The tokenizer training pipeline evolved across multiple scalability stages:

| Stage                      | Vocabulary Size |               Corpus Scale |
| -------------------------- | --------------: | -------------------------: |
| Initial Prototype          |             500 |        Small sample corpus |
| Intermediate Training      |             24K | Multi-million token corpus |
| Final Biomedical Tokenizer |             52K | ~240M-token medical corpus |

---

## Optimization Features

The tokenizer includes several performance optimizations:

* Ranked merge lookup
* Pair-frequency indexing
* Safe affected-word updates
* Chunk-based corpus processing
* Cached frequency-table loading
* Incremental merge updates

These optimizations significantly improved scalability during large-corpus tokenizer training.

---

## Testing

The repository includes a comprehensive automated test suite.

Current coverage includes:

* Tokenizer initialization
* Encoding
* Decoding
* Save/load serialization
* Special tokens
* Invalid input handling
* End-to-end tokenizer consistency

Run tests:

```bash
pytest
```

### Current Status

```text
26 tests passed
```

---

## PyPI Packaging

The repository is structured as a reusable Python package using `pyproject.toml`.

Editable installation:

```bash
pip install -e .
```

The public API is exposed through:

```python
from domain_specific_bpe_tokenizer import BPETokenizer
```

---

## Documentation

Additional documentation is available in:

```text
docs/
```

Including:

* tokenizer architecture
* evaluation methodology
* benchmark reports

---

## Integration with LLM Training

This tokenizer was later integrated into a custom GPT-style medical language model training pipeline.

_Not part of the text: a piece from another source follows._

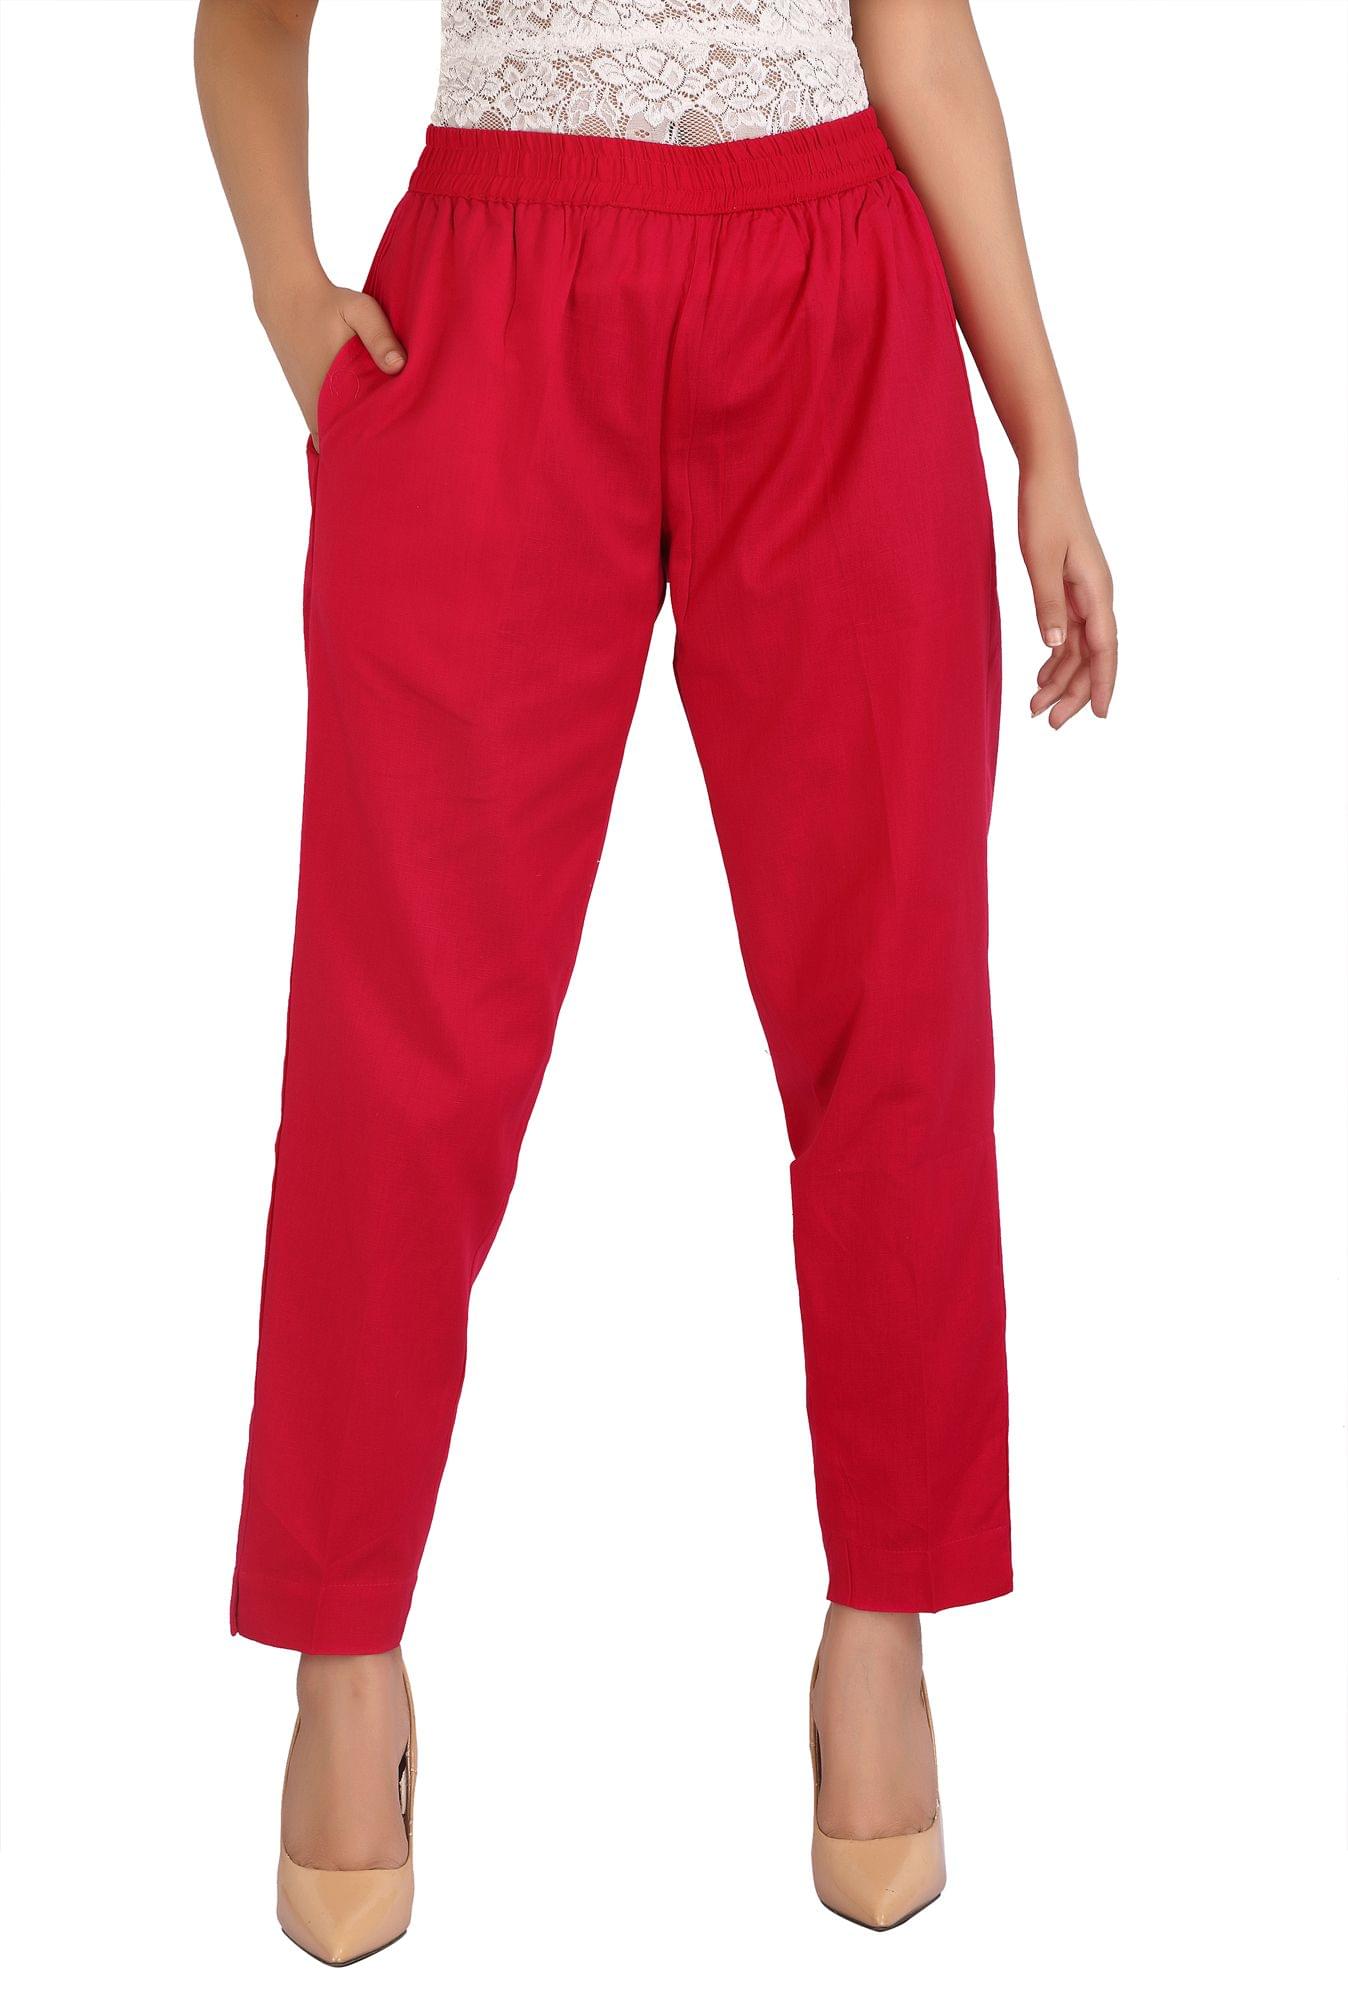 Women's Red Cotton Pant

The tokenizer was used for:

* domain-specific tokenization
* autoregressive GPT training
* tokenizer-quality experiments
* KV-cache benchmarking studies

---

## Future Work

Future improvements include:

* Rust implementation for faster preprocessing
* Parallel BPE training
* Memory-efficient billion-token preprocessing
* Streaming tokenizer training
* Unicode normalization improvements
* Faster serialization formats
* Hugging Face tokenizer interoperability
* Tokenizer visualization tools
* Vocabulary pruning experiments

---

## Conclusion

This project demonstrates a complete from-scratch implementation of a scalable domain-specific BPE tokenizer.

The repository evolved from a simple educational tokenizer into a scalable biomedical NLP preprocessing pipeline featuring weighted BPE training, optimized merge learning, tokenizer evaluation, benchmarking against GPT-2/tiktoken, automated testing, and PyPI-ready packaging.

The strongest results appeared in medical-domain tokenization, where the tokenizer significantly reduced fragmentation for biomedical terminology compared with GPT-2/tiktoken.

Overall, the project demonstrates the importance of tokenizer design, merge-rule optimization, scalable preprocessing, and domain-specific vocabulary construction for modern NLP and LLM systems.